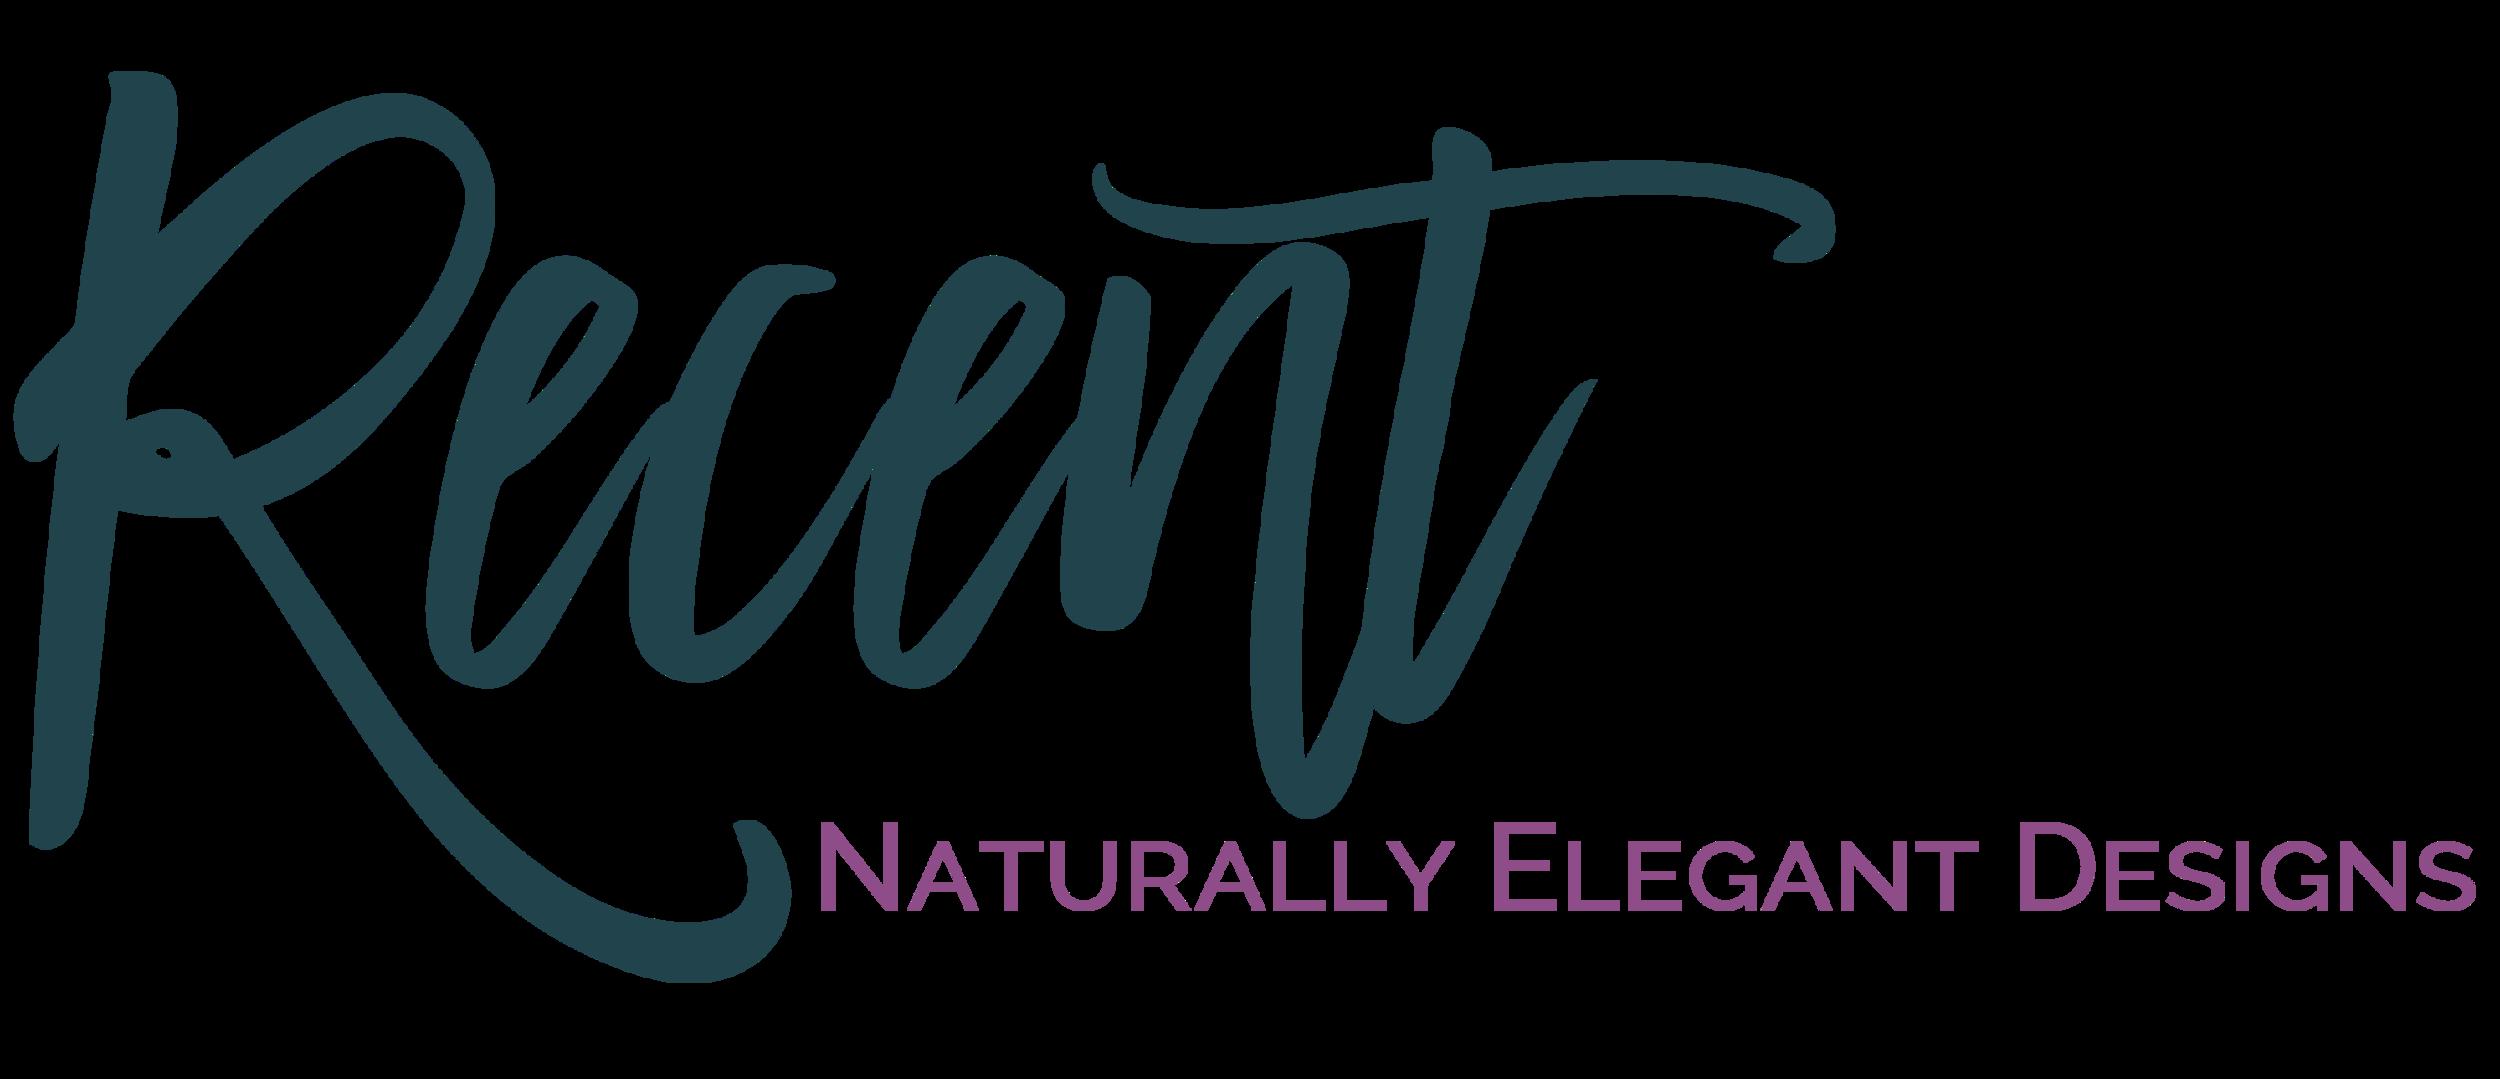 Recent Naturally Elegant Designs
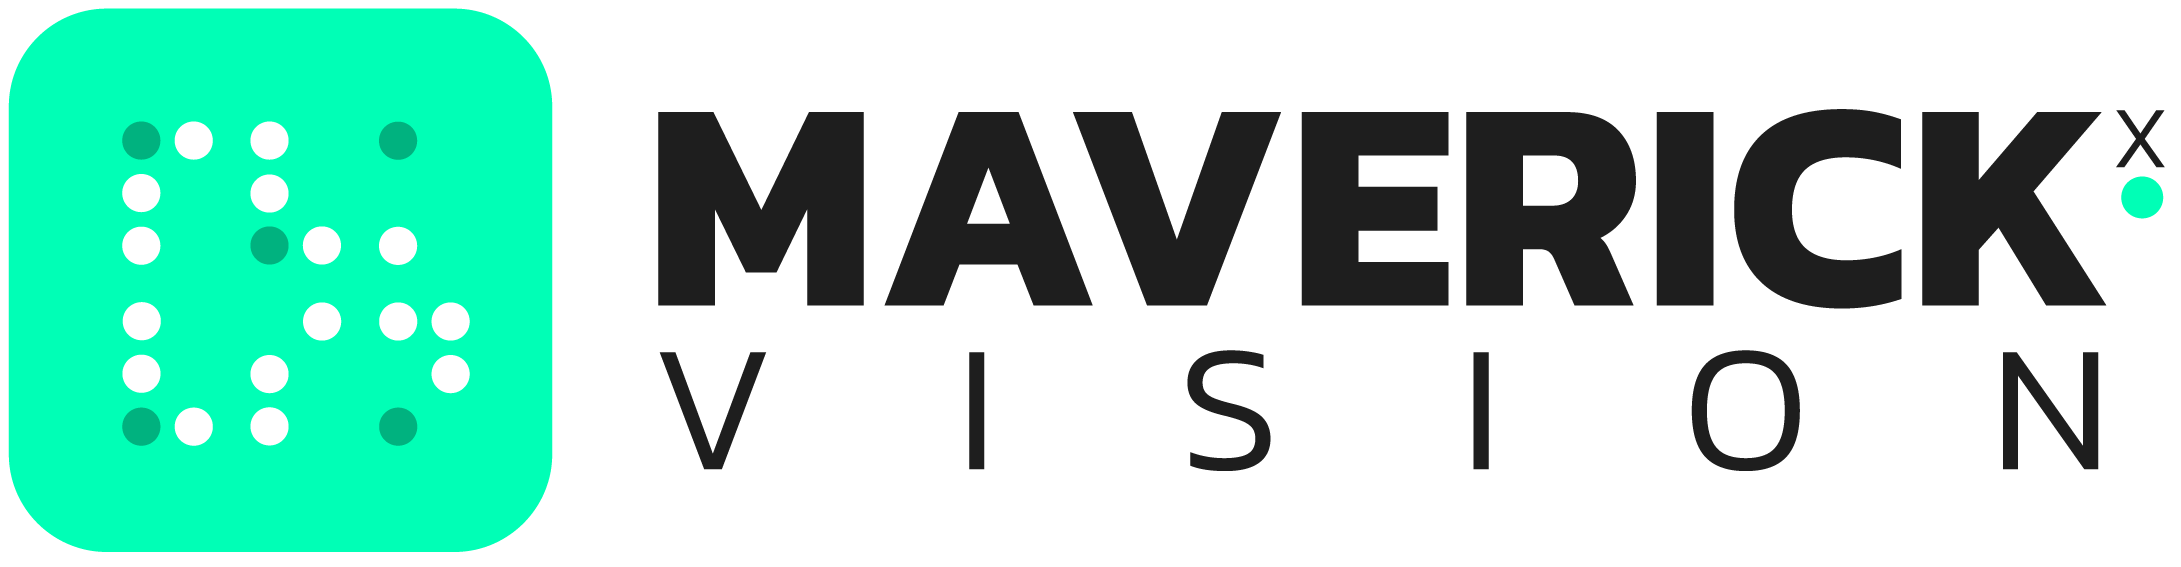 Maverick Vision
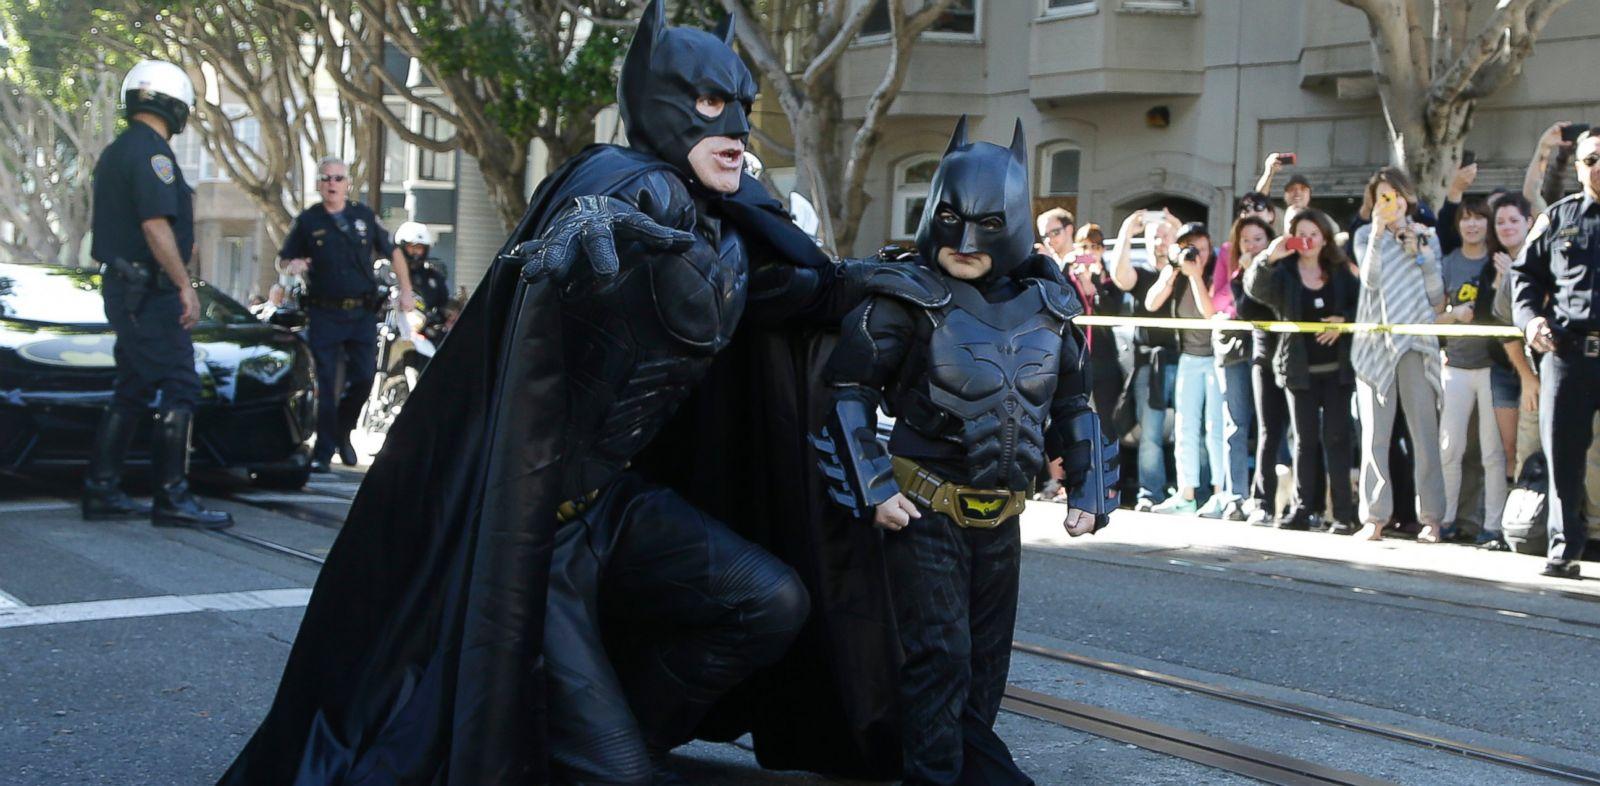 PHOTO: Miles Scott, dressed as Batkid, right, walks with Batman before saving a damsel in distress in San Francisco, Nov. 15, 2013.

▶ **Directions**
Please print the data above once more, exactly as it appears, with no pictures.

▶ **Solution to this problem**
 Recent Naturally Elegant Designs
 Maverick Vision
 PHOTO: Miles Scott, dressed as Batkid, right, walks with Batman before saving a damsel in distress in San Francisco, Nov. 15, 2013.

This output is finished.